Даша уже стояла в дверях, строгая, замкнутая, неумолимая, как все няньки, когда их детям пора спать.
– Идем, Петя! Видишь, у мамы головка болит. Нельзя ее огорчать!
Нина пошла и легла. Бред захлестывал ее.
У нее было странное чувство нереальности мира, того, что вещи выходят из своих осей и их подбрасывает в такт пульсу. Звуки – сдвинутый стул, хлопнувшая дверь – стали резкими и жесткими, как звук бича. Даже собственный голос звучал как чужой.
И только что она закрыла глаза, как появились желтое актерское фойе в театре и почему-то буфет с матовыми рядами серебра. Потом – бегущее стадо овец, потом – волны. Нет, так не годится, подумала она и крикнула:
– Гриша!
Он пришел и остановился возле двери.
– Ты… завтра позвони с утра в амбулаторию… как бы у меня… – Мысли у нее путались, и она говорила уже с трудом. – Не надо было столько ходить по улицам.
– А… – начал он и осекся.
– Ну, конечно, шаталась, дура, по улицам, – сердито и просто ответила она и поморщилась от боли, – а потом поехали с Ленкой к ее тетке, там еще померзла. А ты уж невесть что и подумал, глупый. Нет его, уж и в Москве нет… Он…

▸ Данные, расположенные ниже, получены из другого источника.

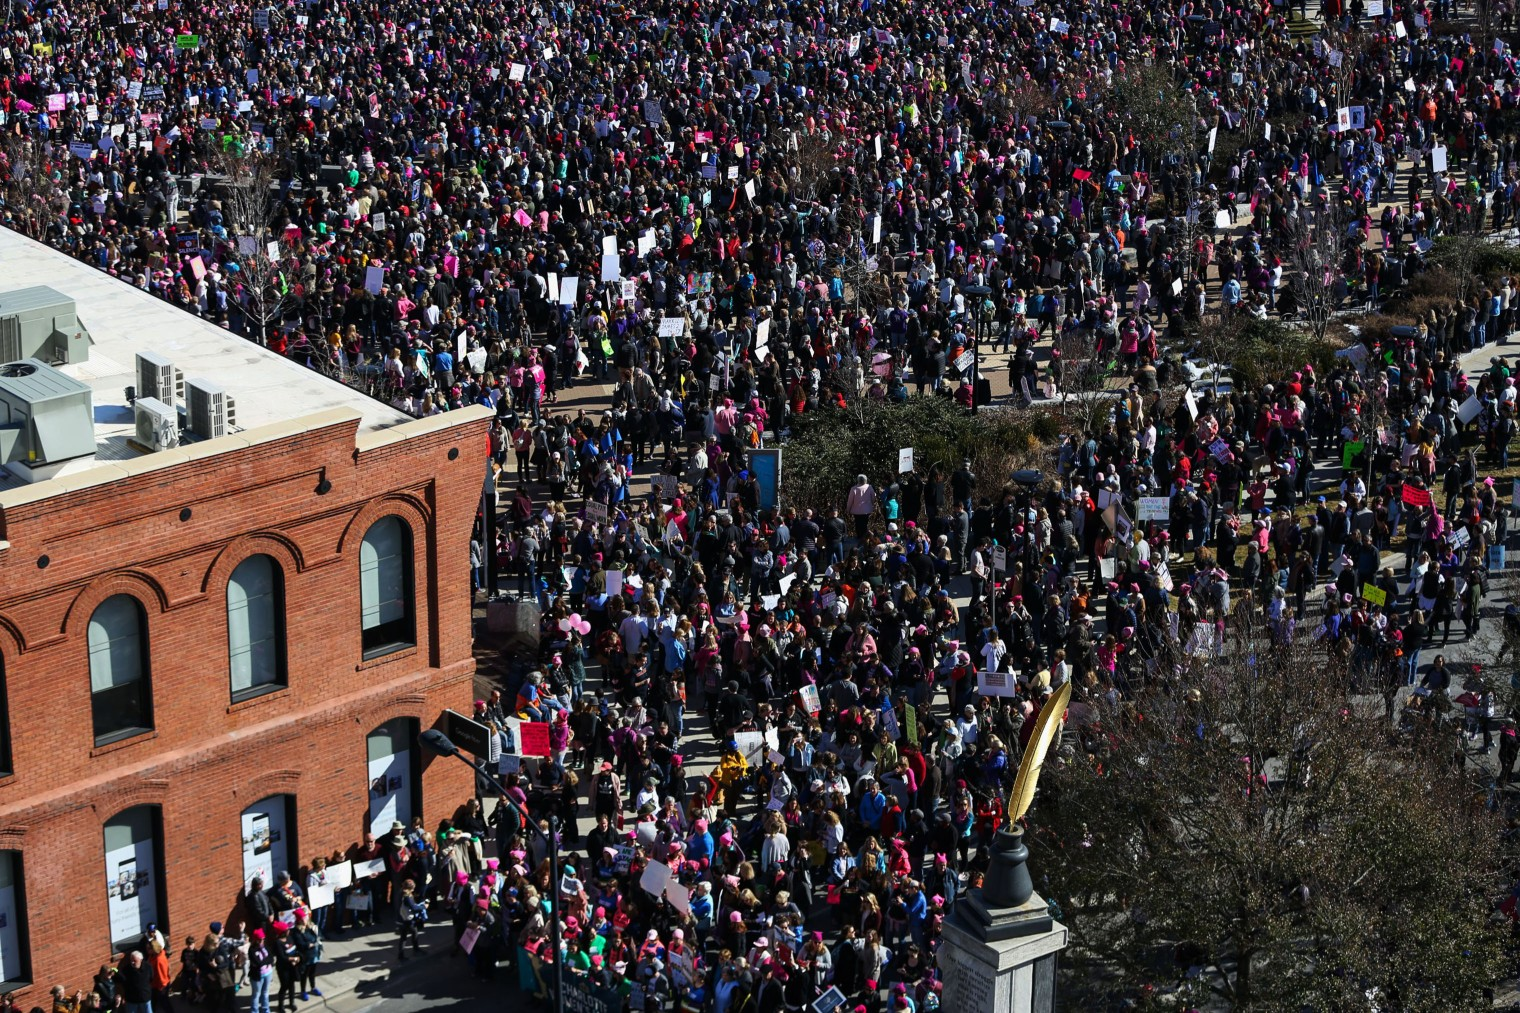 woemns-march-2018-washington-dc-nyc-las-vegas

И это были последние разумные слова, дальше уже поползли пауки.
*
Париж! Париж!
Как хорошо работается рано утром, когда еще только что встало солнце, небо зеленовато, листы в саду тихие и задумчивые и в устье каждого стоит круглая чистая капля, когда зяблики и щеглы порхают и ходят прямо по дорожкам, а в соседнем садике вполголоса разговаривают две старушки – молочница и семидесятилетняя жена содержателя бистро, а ты встал сам, включил плитку, сварил себе кофе, раскусил редиску и пишешь, сидя в халате и туфлях, и черт с ними, с противниками, – пусть себе гавкают. Но:
– Ваше преподобие, – сказала Марта из коридора, – к вам ведь опять тот.
Лафортюн, красивый, синеволосый, похожий на индейца, повернул голову и, продолжая писать, спокойно спросил:
– И опять не называет своей фамилии?
– Нет! – Лафортюн все писал. – Сказать, что вы спите?
– Попросите его подождать. Я сейчас.
Он дописал фразу до конца, перечитал ее, аккуратно промокнул ее пресс-папье, встал, оправил перед зеркалом ворот халата и неторопливо прошел в приемную. Хотя солнце еще было низко, в приемной сверкали стекло и бронза – всю стену занимало большое окно. Раньше здесь помещался специальный шкаф с немецкой Богословской энциклопедией, сорокатомным французским словарем святых и толстым томом булл и церковных уложений – сейчас осталась только Богословская энциклопедия, а все остальное заменили другие книги.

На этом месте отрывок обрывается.